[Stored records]
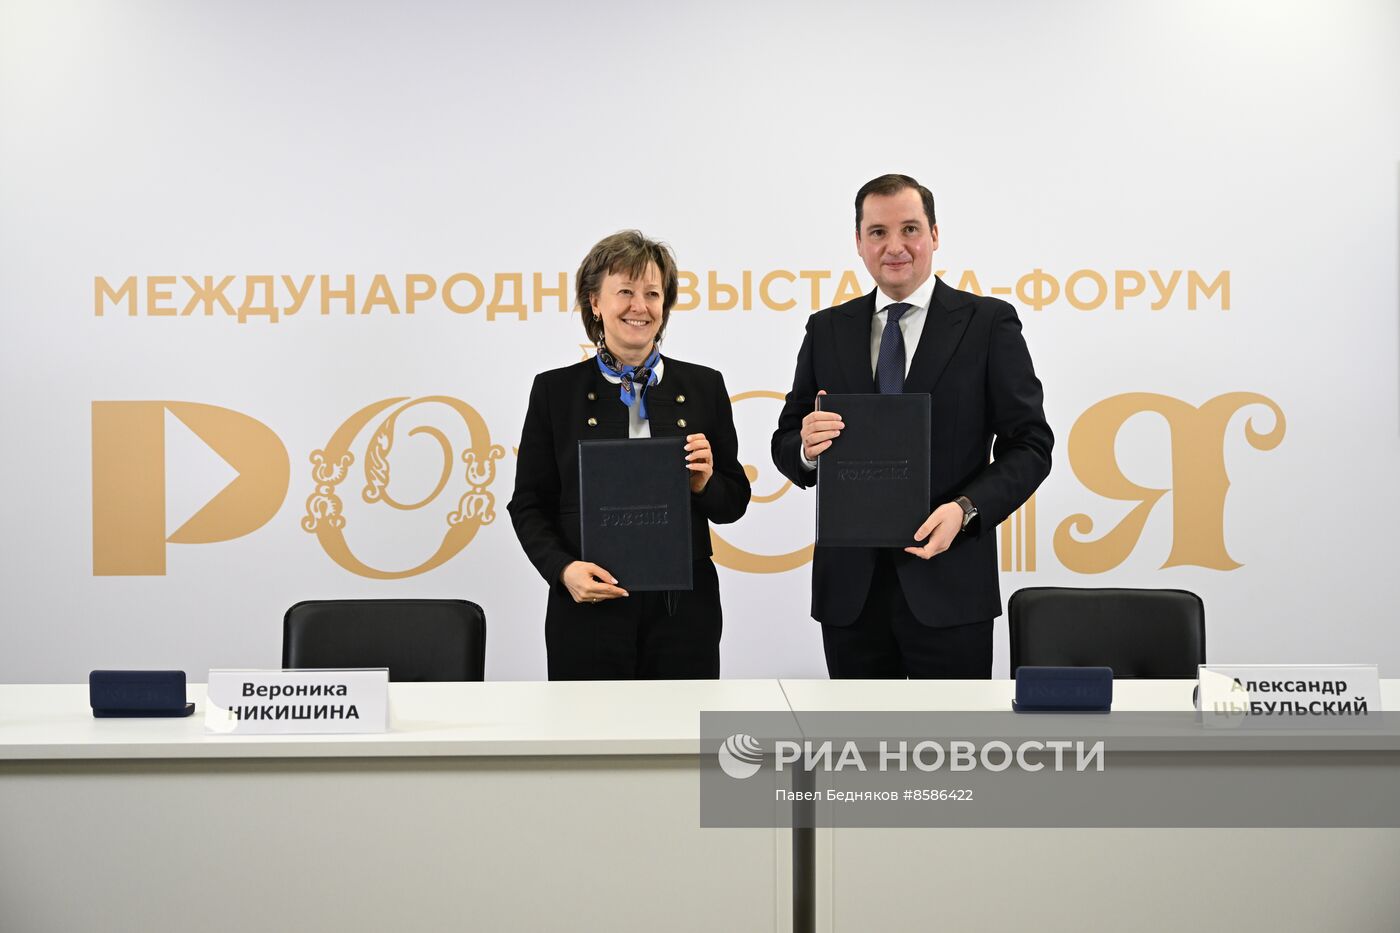 Подписание соглашения между РЭЦ и правительством Архангельской области
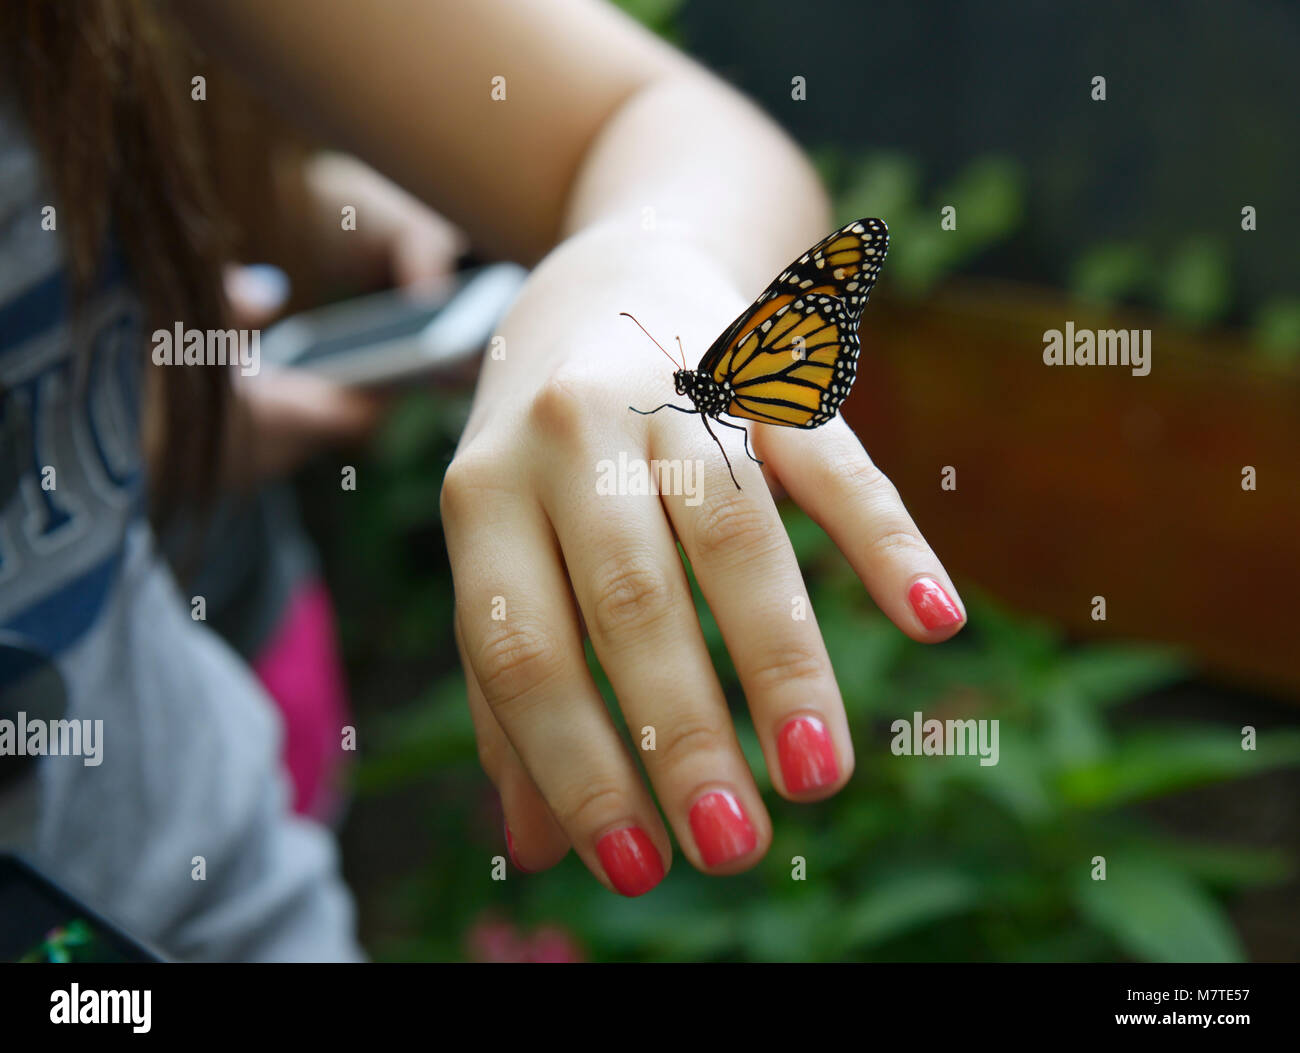 Chica con mariposa monarca en su mano, La Paz Waterfall Gardens, Costa Rica Foto de stock
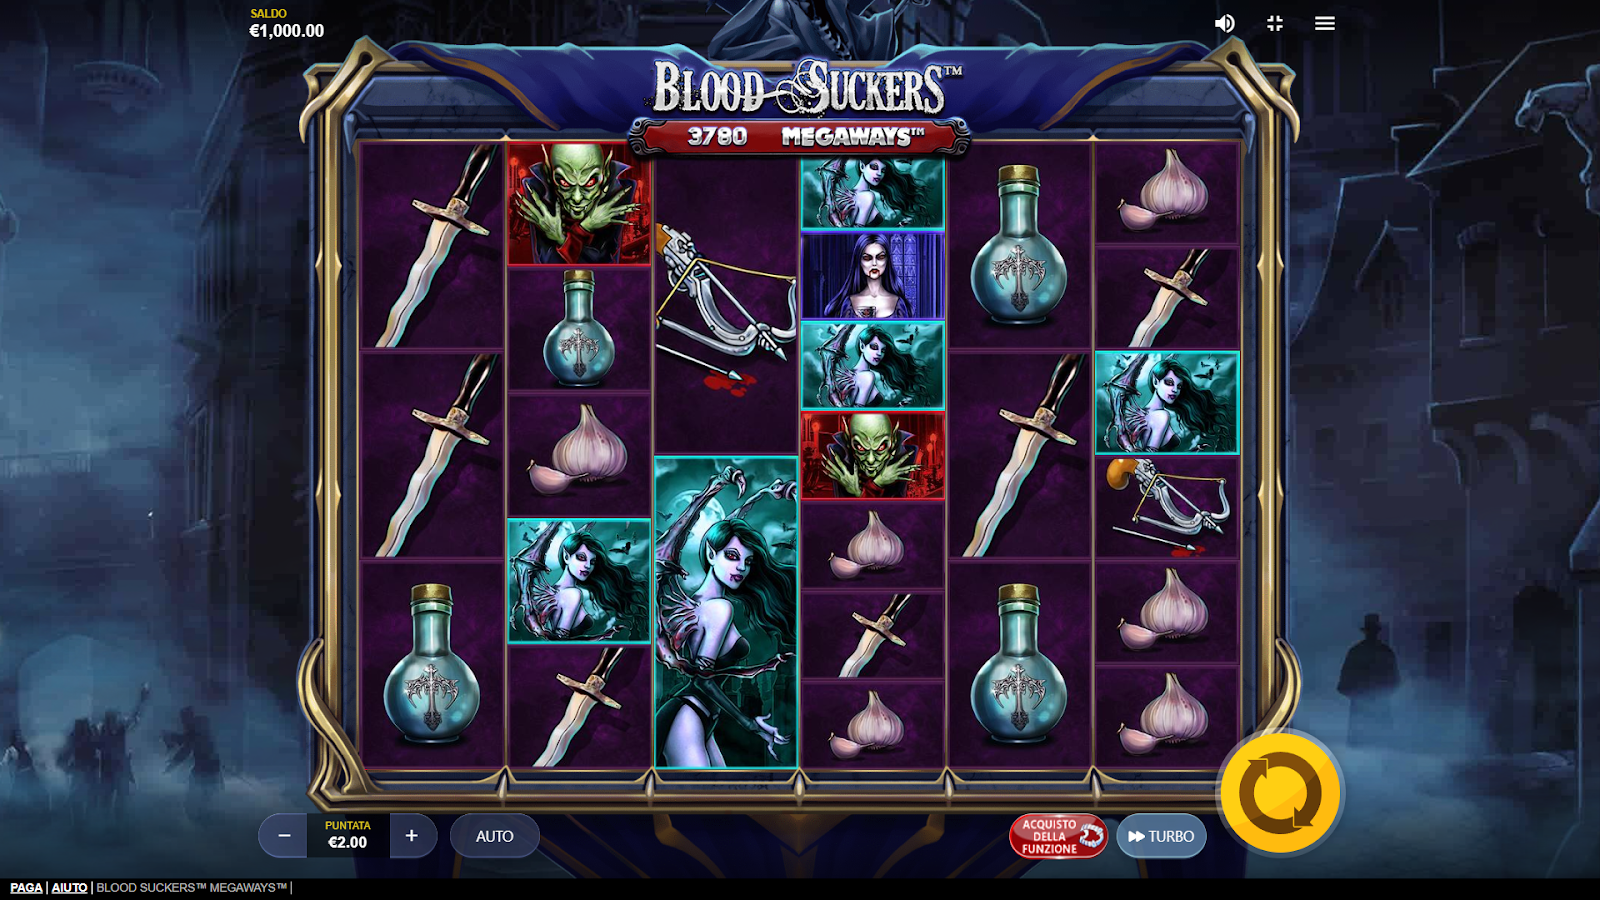 Blood Sakers Megaways slot machine
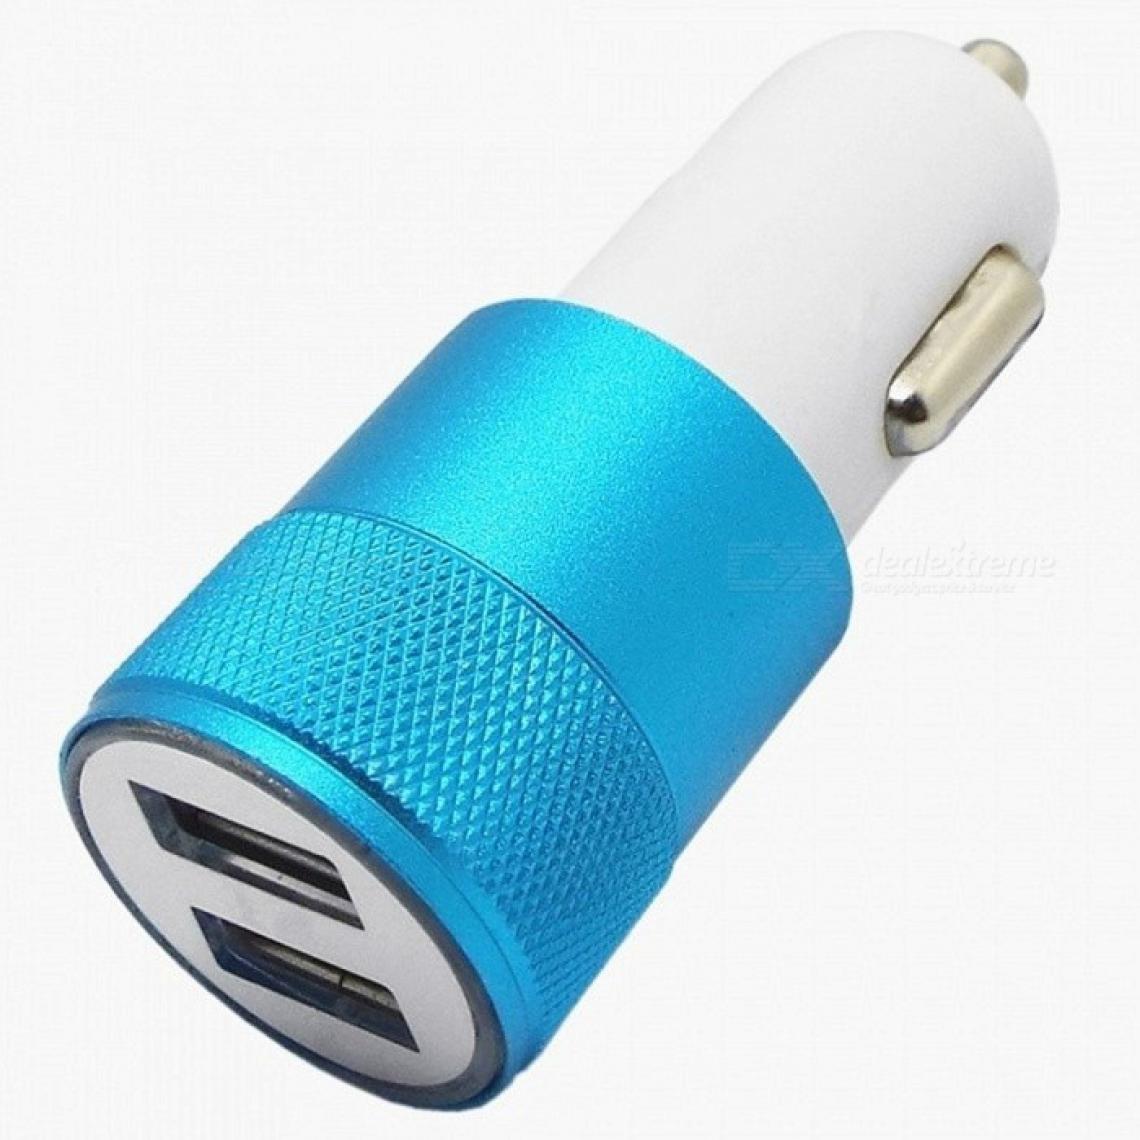 Shot - Double Adaptateur Prise Allume Cigare USB pour XIAOMI Redmi 7 Smartphone 2 Ports Voiture Chargeur Couleurs (BLEU) - Chargeur Voiture 12V
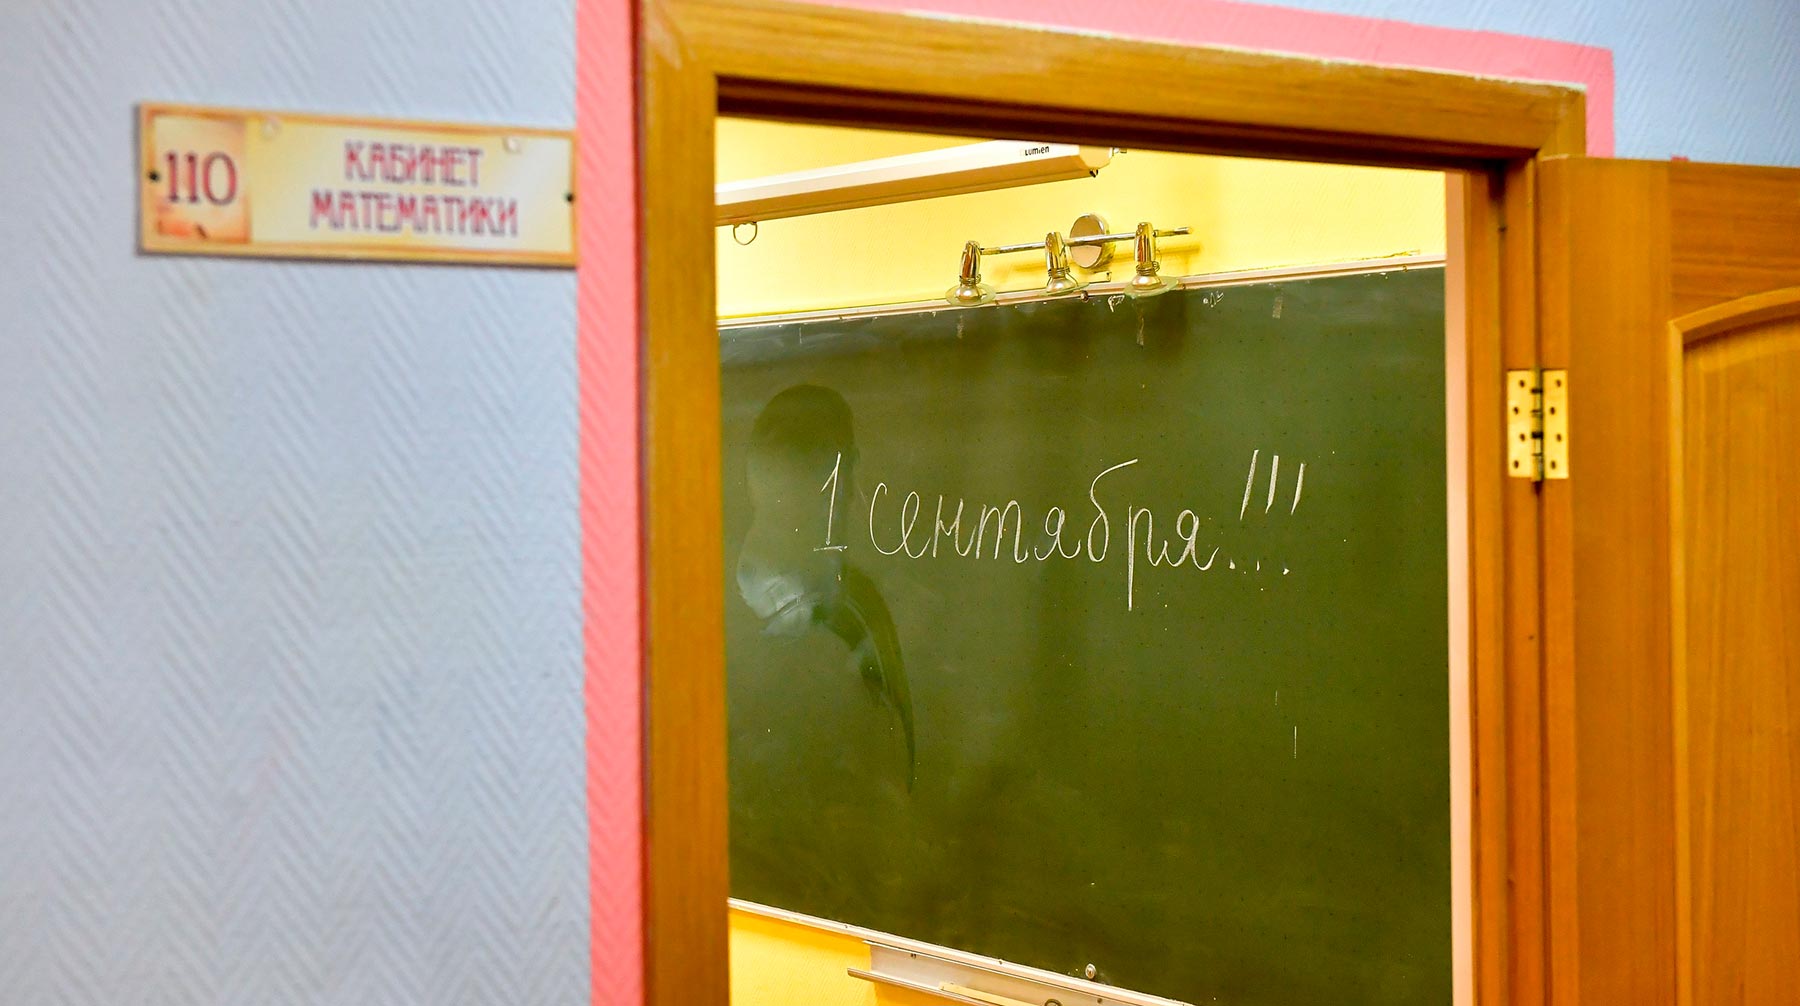 Учебные заведения будут работать в частично закрытом режиме, подчеркнули в Роспотребнадзоре Фото: © АГН Москва / Сергей Киселев

- [Prompt]: Go to the line that contains "Blood Sakers Megaways slot machine" and copy exactly from there through the last line of the records above, both included. Omit pictures.

- [Solution to this task]:
 Blood Sakers Megaways slot machine
 Shot - Double Adaptateur Prise Allume Cigare USB pour XIAOMI Redmi 7 Smartphone 2 Ports Voiture Chargeur Couleurs (BLEU) - Chargeur Voiture 12V
 Учебные заведения будут работать в частично закрытом режиме, подчеркнули в Роспотребнадзоре Фото: © АГН Москва / Сергей Киселев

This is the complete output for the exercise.